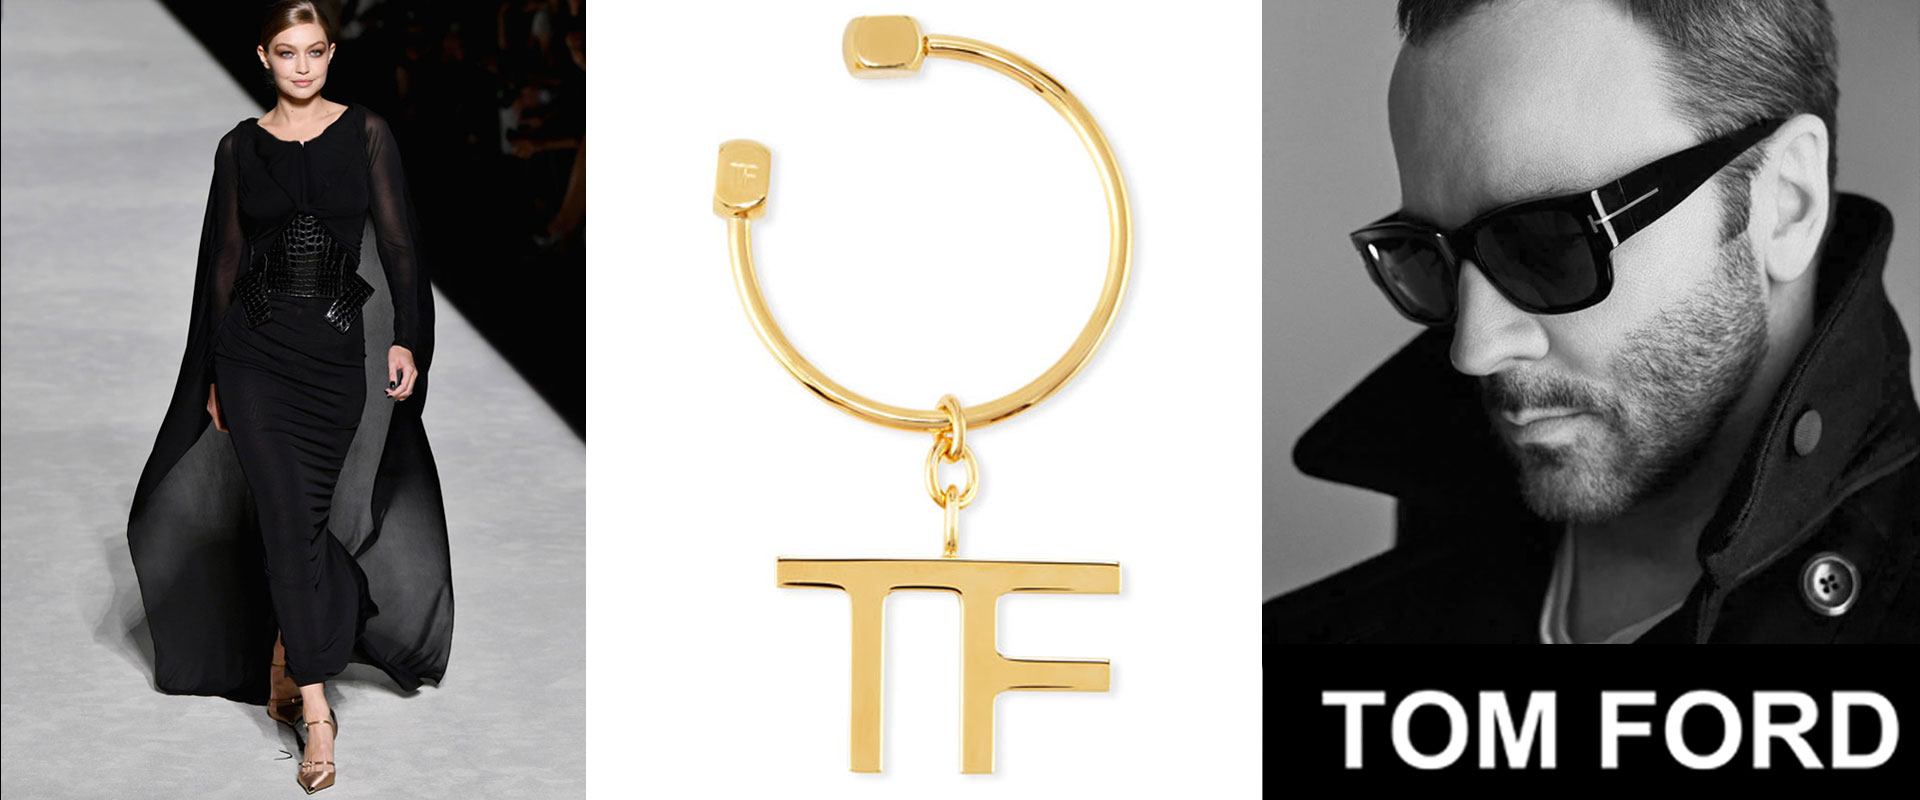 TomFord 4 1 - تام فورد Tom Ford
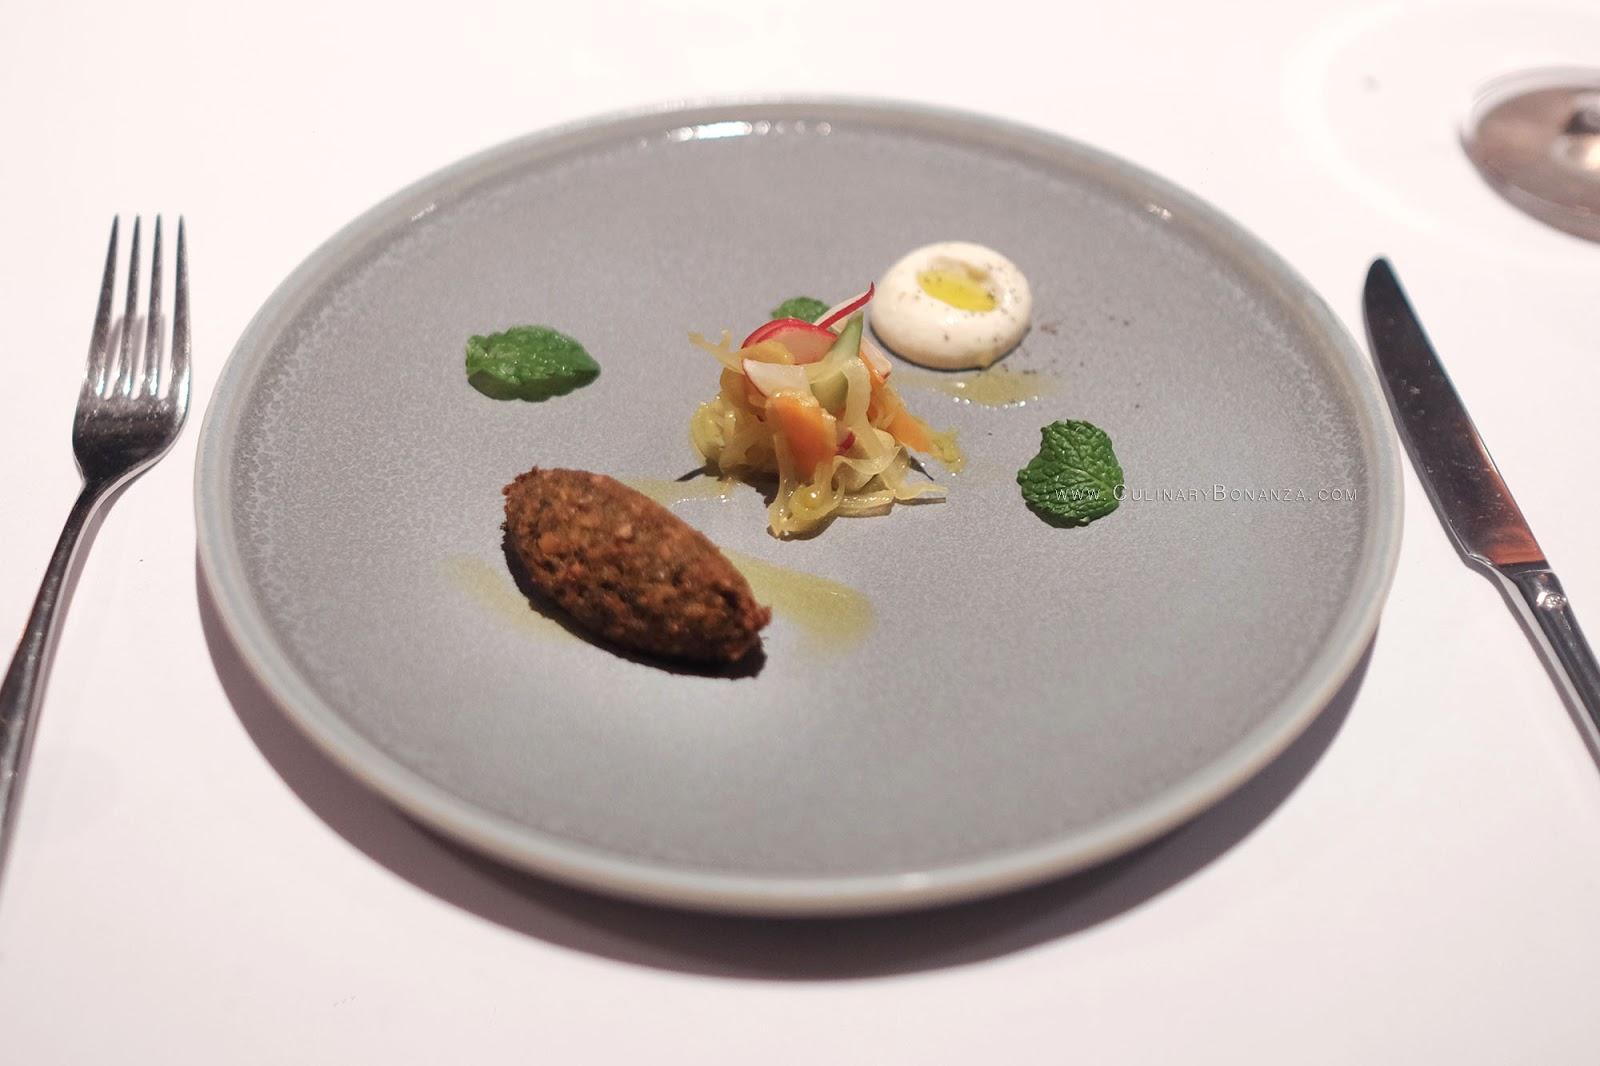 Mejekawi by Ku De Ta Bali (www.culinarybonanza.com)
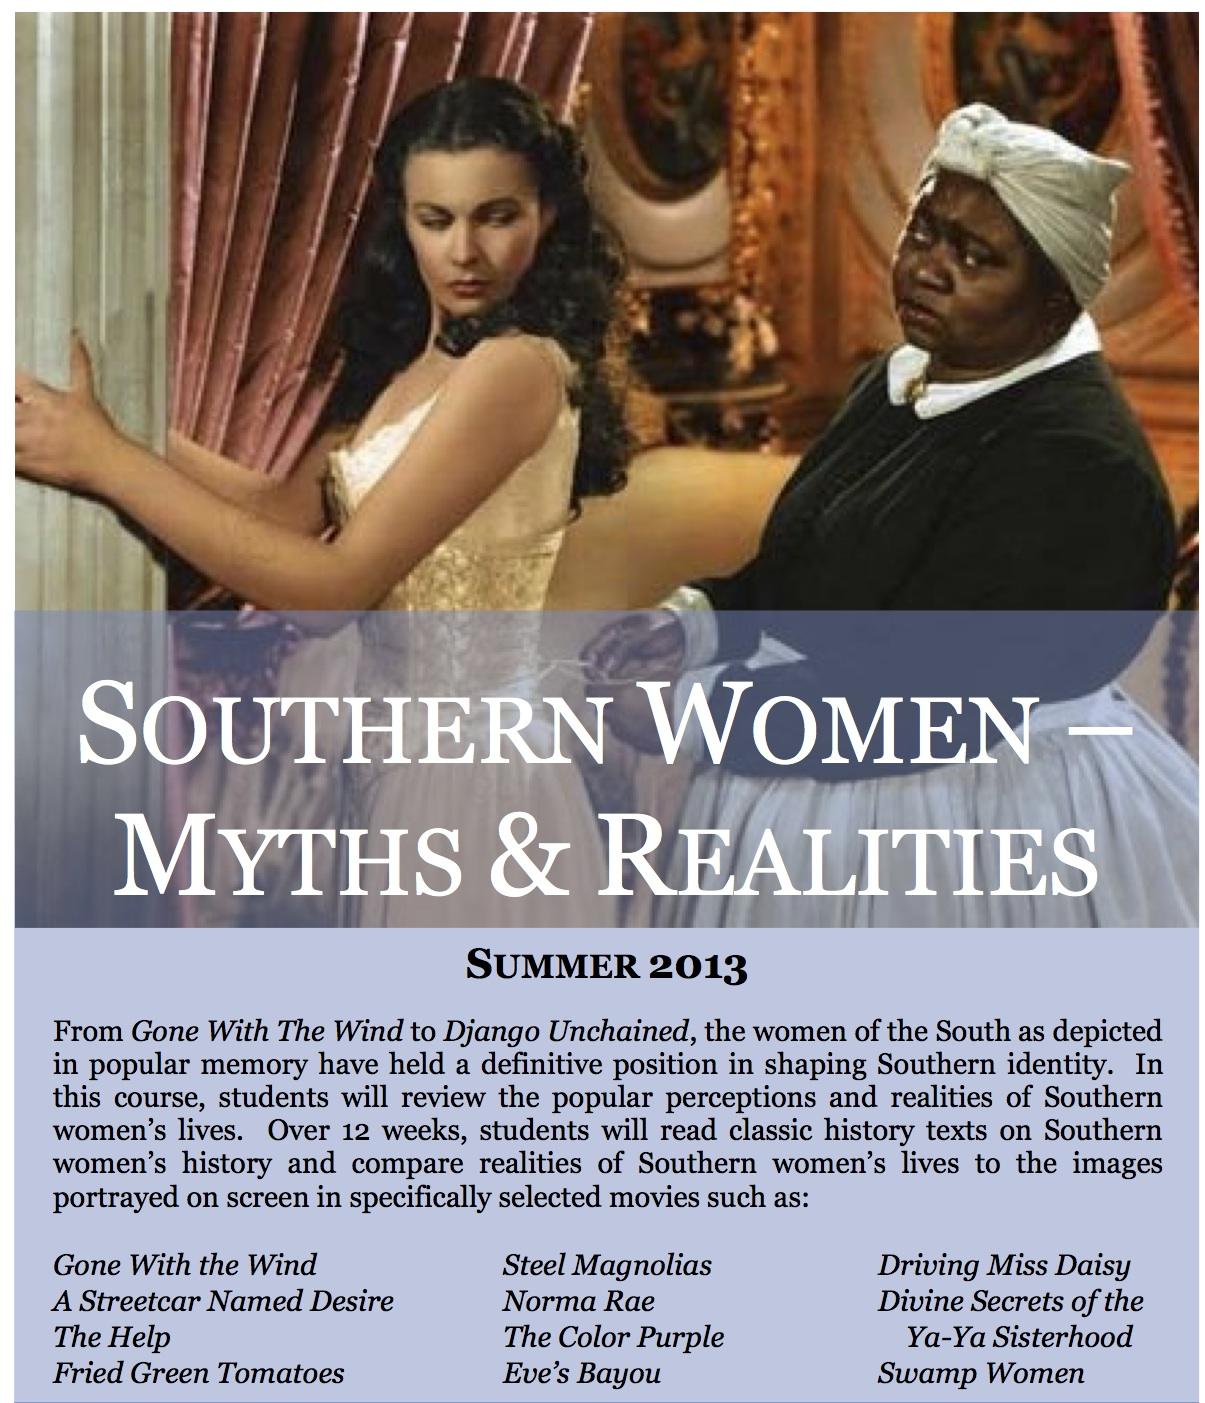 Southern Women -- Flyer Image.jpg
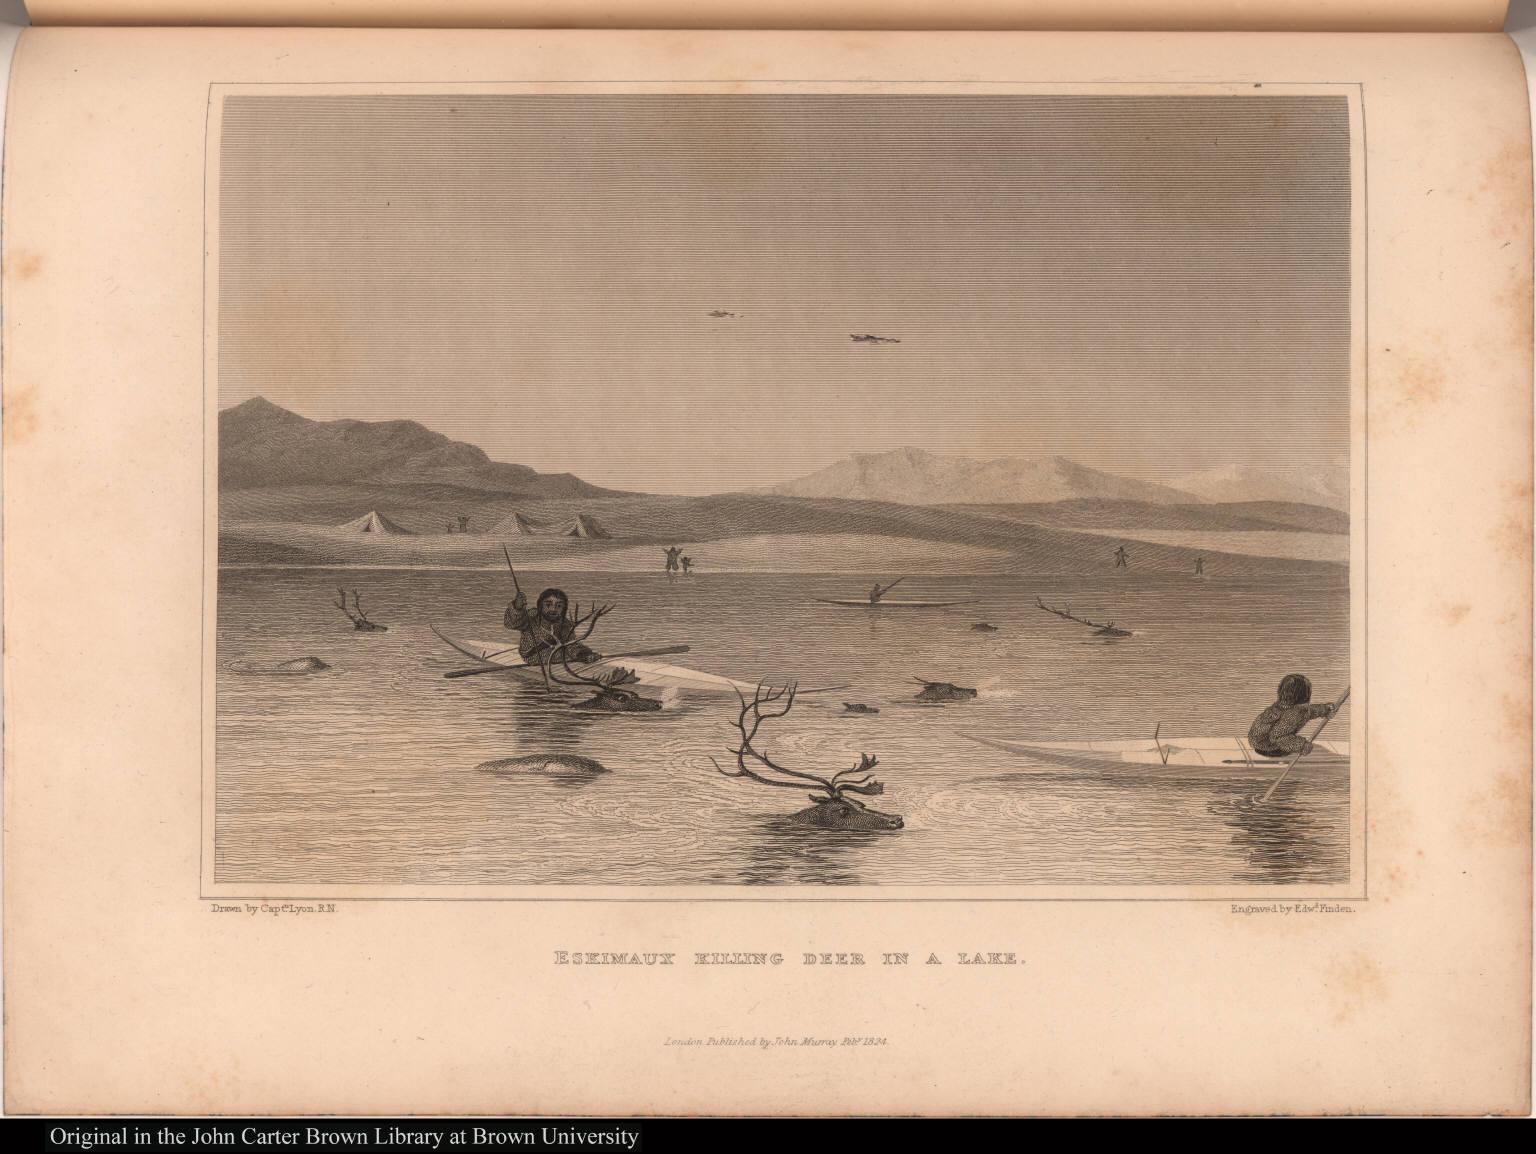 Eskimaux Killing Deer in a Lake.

○ ○ ○ ○ ○

* _Directions for this task_
For this exercise, retype exactly, and only, the lines from the line with "Southern Women -- Flyer Image.jpg" through the last line of the material above, both included. Pictures stay out.

* _Exercise solution_
 Southern Women -- Flyer Image.jpg
 Eskimaux Killing Deer in a Lake.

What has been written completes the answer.